It really puts the task into the hands of the programmer. The way the it works (if I understand correctly from the docks) the programmer of a task needs to make sure it checks for notifications when it want to and controls that process.

This gives the programmers some rope to hang themselves with, but on the other hand you don't get shot by the OS when you don't want to.

bcantrill wrote at 2021-12-04 23:19:09:

If you want a very concrete example to hang your hat on: making the I2C driver interrupt driven was a snap -- and importantly, can easily be done from a library, where the caller merely provides functions to call to enable a specified interrupt and to synchronously wait for interrupts.[0]

[0]

https://github.com/oxidecomputer/hubris/blob/01b5af3d54348ba...

elcritch wrote at 2021-12-05 03:07:24:

Looks interesting! Though I noticed the bit about the Konami code. The terminology is great, but alas it feels like I've run into as many i2c devices that break the i2c protocol as follow it. Ahem, I'd recommend avoiding Infineon I2C devices to keep your sanity. ;)

Reading the code, is it correct to say the ISR will timeout if the device doesn't respond? It's nice the driver returns the state of the bus locking in the error `Err(drv_i2c_api::ResponseCode::BusLocked);`. Makes me curious how you're doing that. I need to find timeout watch the video.

bcantrill wrote at 2021-12-05 04:53:29:

Noted on the Infineon devices! ;)

Yes, it will timeout if the device doesn't respond, thanks to the timeout logic in the STM32H7's I2C block.[0] If the block didn't have that logic, Hubris would still make it relatively easy to do that, though, as one would just perform the closed receive for the interrupt or a timer notification. (An example of a closed receive on a timer can be found at [1].)

[0]

https://github.com/oxidecomputer/hubris/blob/01b5af3d54348ba...

[1]

https://github.com/oxidecomputer/hubris/blob/01b5af3d54348ba...

brundolf wrote at 2021-12-04 22:51:18:

Yeah.
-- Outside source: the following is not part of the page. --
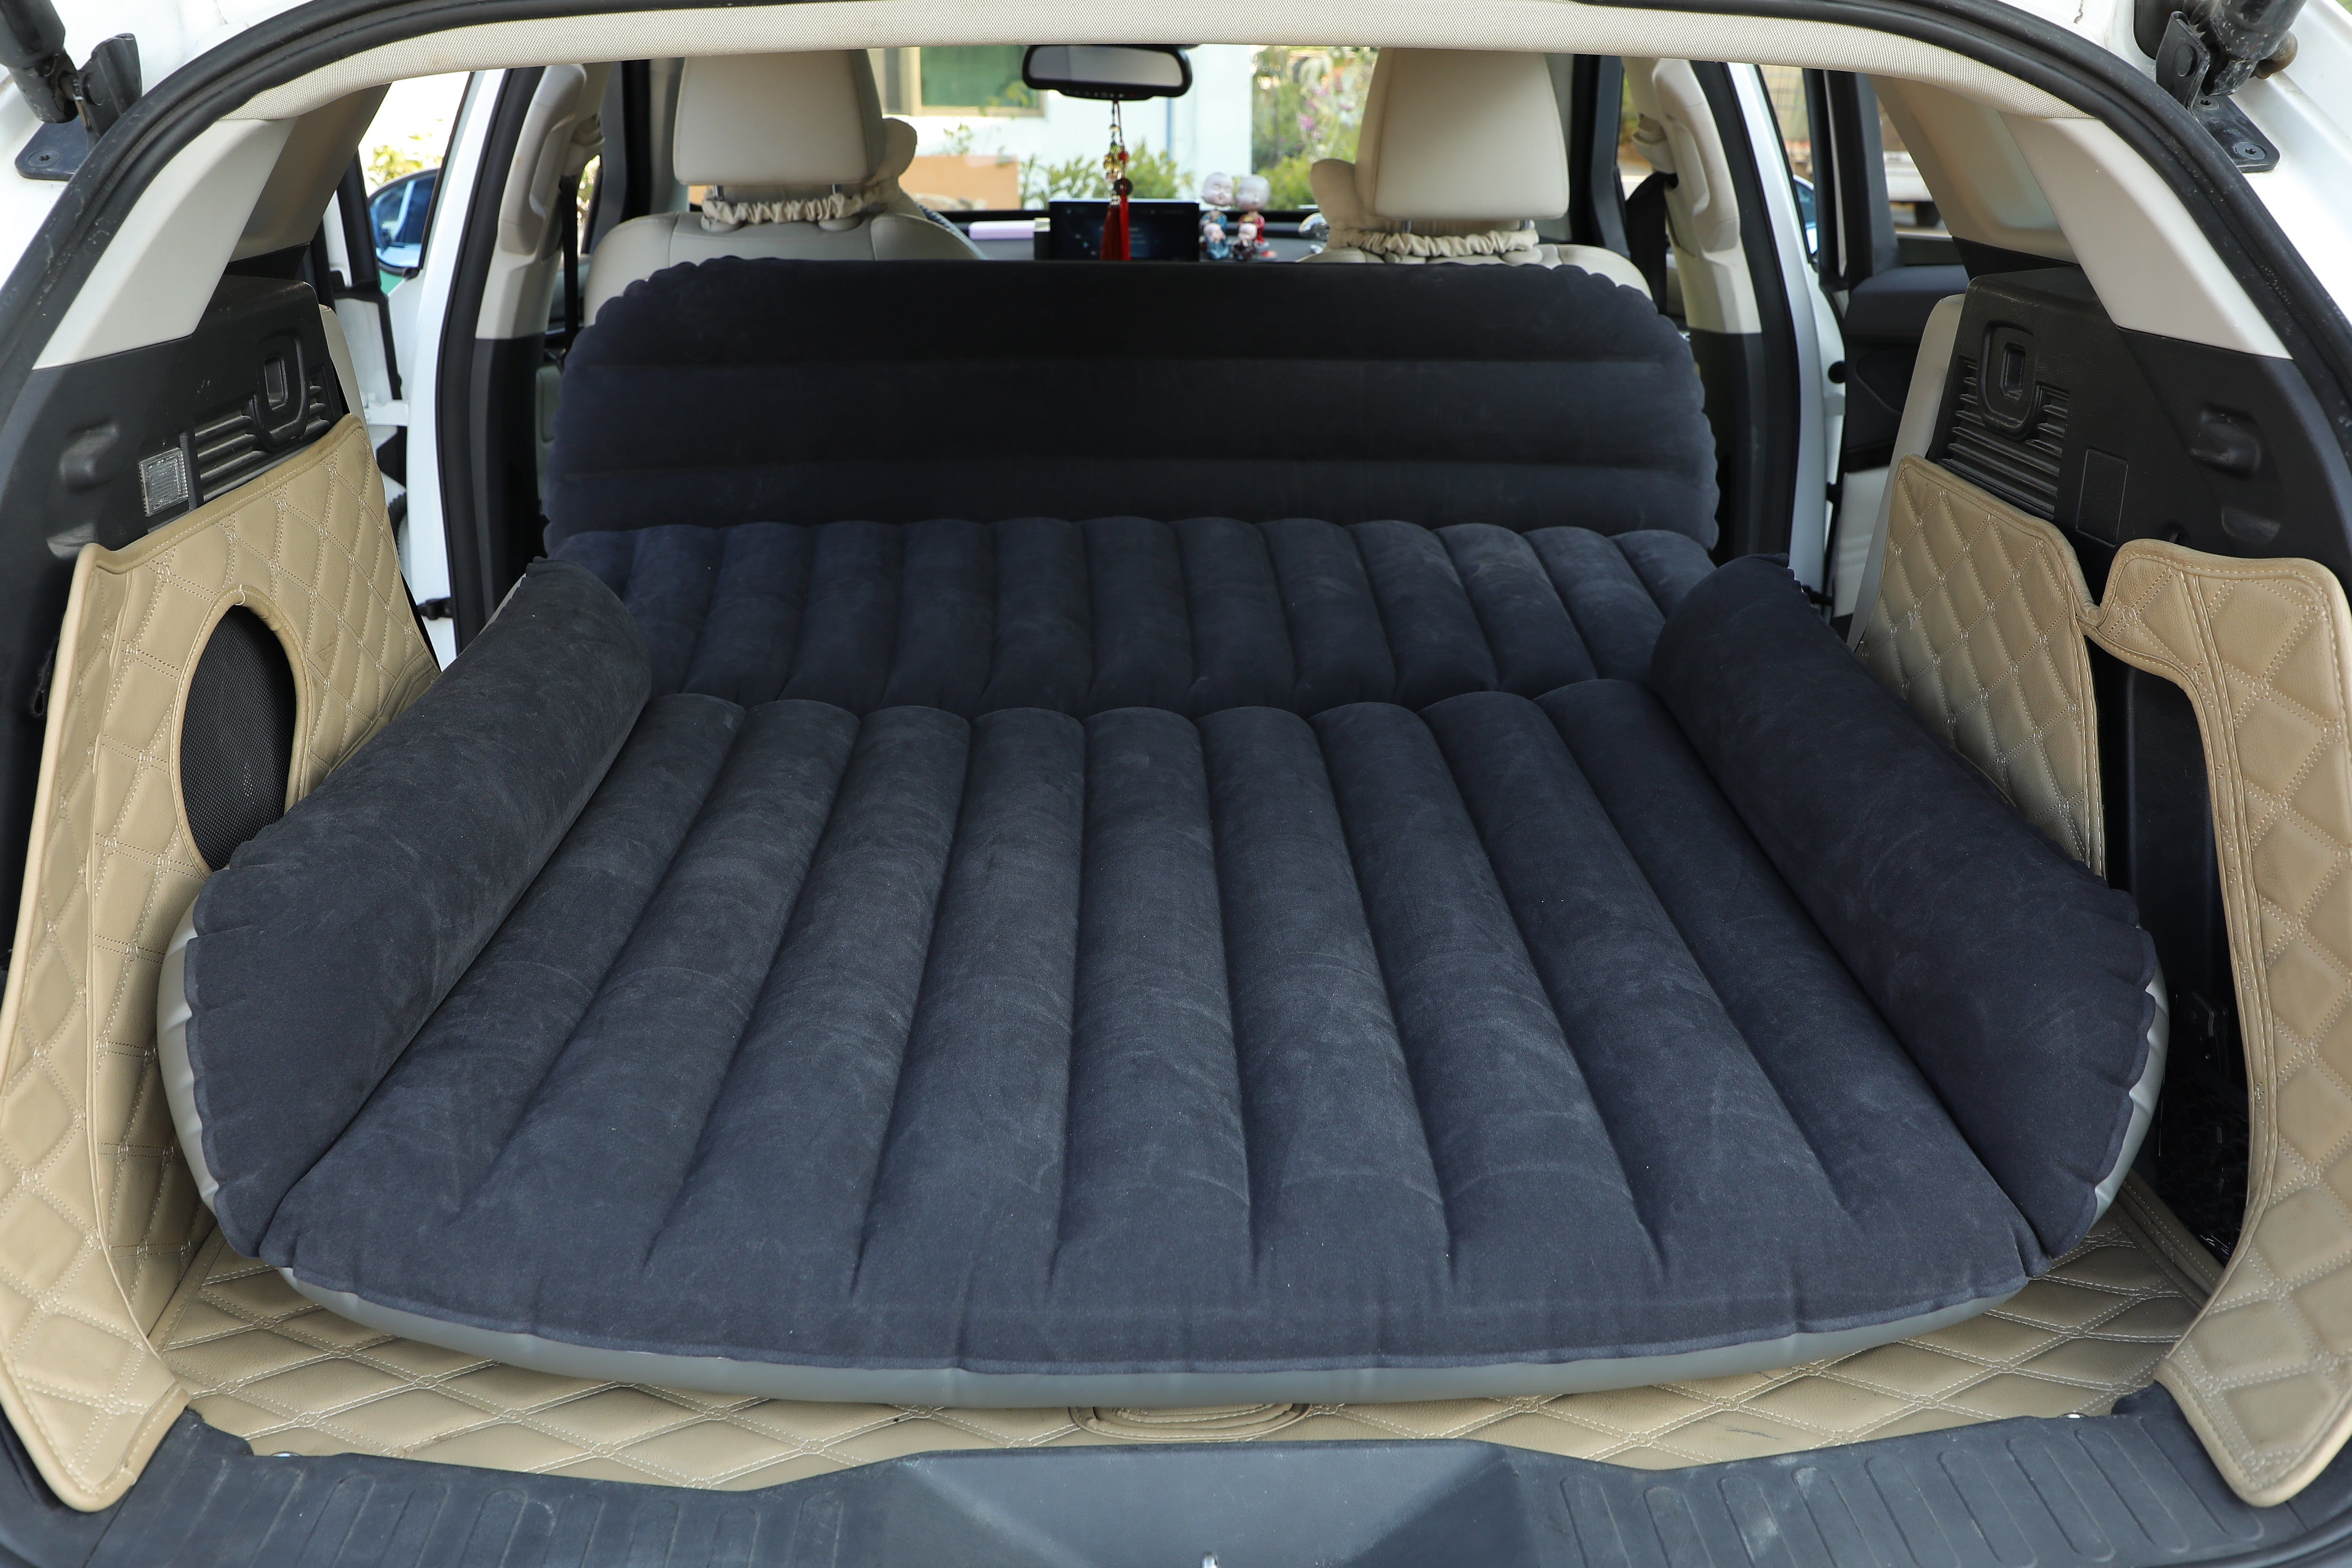 Heavy Duty Inflatable Car Mattress Bed for SUV Minivan Back Seat Best Air Mattress For Back Of Suv

Though importantly, all of these tasks are (as I understand it) being designed and developed cohesively, by a small team under a single roof. We're not talking about random userspace applications in a general-purpose OS; new tasks can't even be started and stopped at runtime, they're laid out at build time. I think that's why this explicit and cooperative model can work.

panick21_ wrote at 2021-12-04 22:59:50:

I would assume as the ecosystem grows 'standard' task will develop that will see a lot of reuse between different people using this OS.

But I agree critically you build deploy this as a complete system even if many of the tasks are not inhouse. You still test the complete system.

tgbugs wrote at 2021-12-04 21:10:24:

For those looking for more on "parse don't validate" mentioned in the talk here are links to the original, and two previous discussions.

https://lexi-lambda.github.io/blog/2019/11/05/parse-don-t-va...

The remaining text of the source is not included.